At U.N. headquarters in Port-au-Prince, the unaccounted-for personnel included Hedi Annabi, a Tunisian who as special envoy to Haiti oversees the 12,000 international and Haitian U.N. employees in the country, officials said. Annabi was meeting with a Chinese delegation in the hotel when the earthquake struck at 4:53 p.m. Tuesday; no one who was in the meeting has been located, officials said.

Media reports said eight Chinese U.N. peacekeepers and at least four Brazilian peacekeepers were killed in the quake, with many others missing.

Officials said the Port-au-Prince airport, which lost its control tower during the earthquake, is now able to receive relief flights, but pilots were on their own in coordinating landings with each other.

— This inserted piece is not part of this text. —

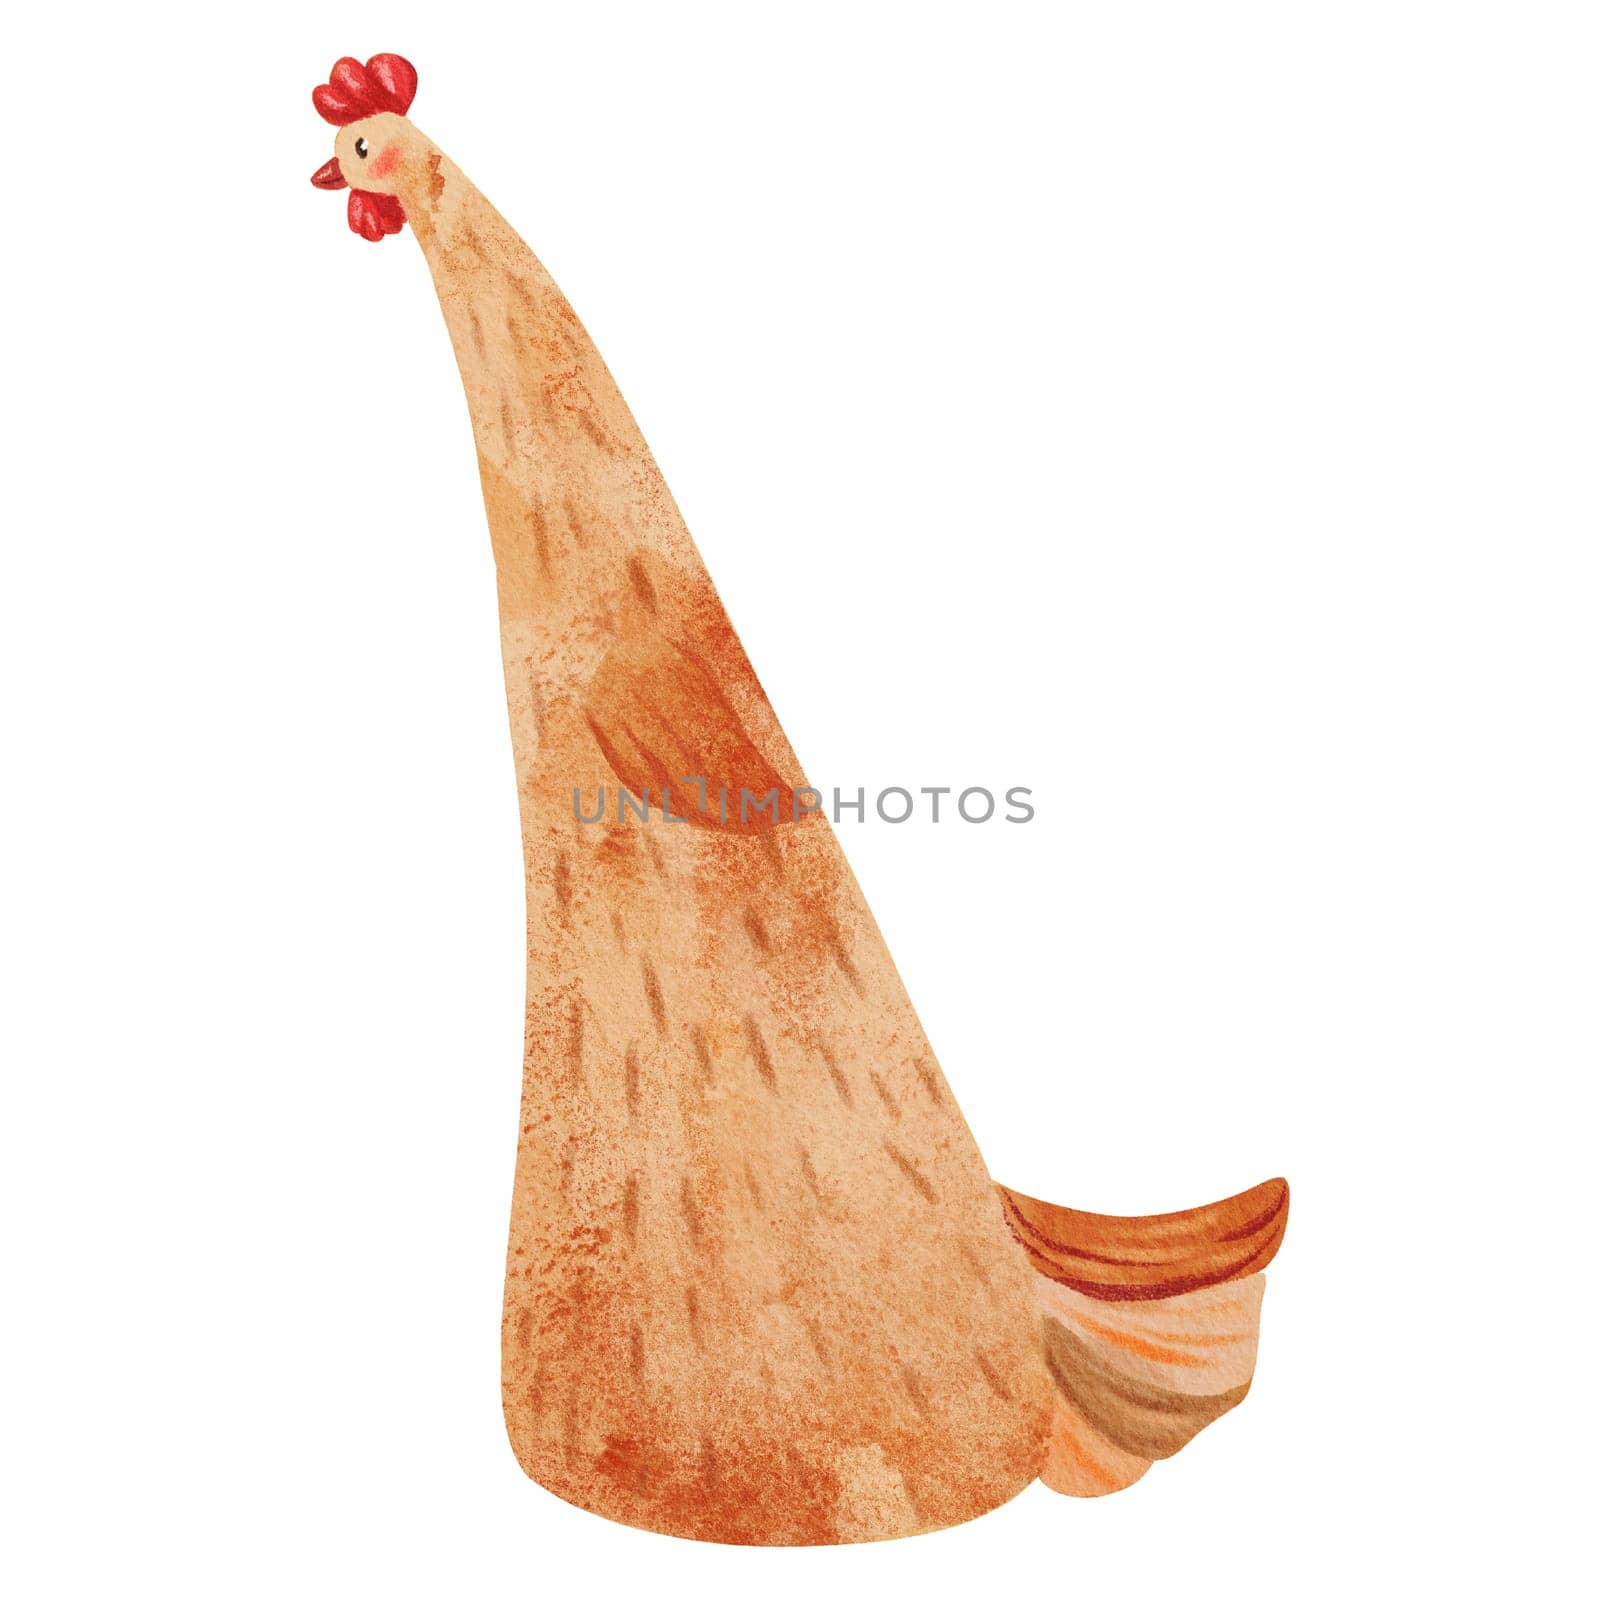 Watercolor illustration in a cartoon style. a speckled chicken. the whimsical charm of a feathered friend. playful and lighthearted atmosphere, perfect for children's designs, cards, and prints.

Le Roy, of the United Nations, said the organization's main logistics base, with stores of water and rations, was also functioning and that 3,000 U.N. peacekeepers had secured the airport and were patrolling the streets in Port-au-Prince.

John Holmes, head of the U.N. Office for the Coordination of Humanitarian Affairs, said the chief U.N. relief agencies -- such as the World Food Program and the U.N. Children's Fund (UNICEF) -- were relatively unscathed by the earthquake and would be in a fairly good position to mount relief operations on the ground.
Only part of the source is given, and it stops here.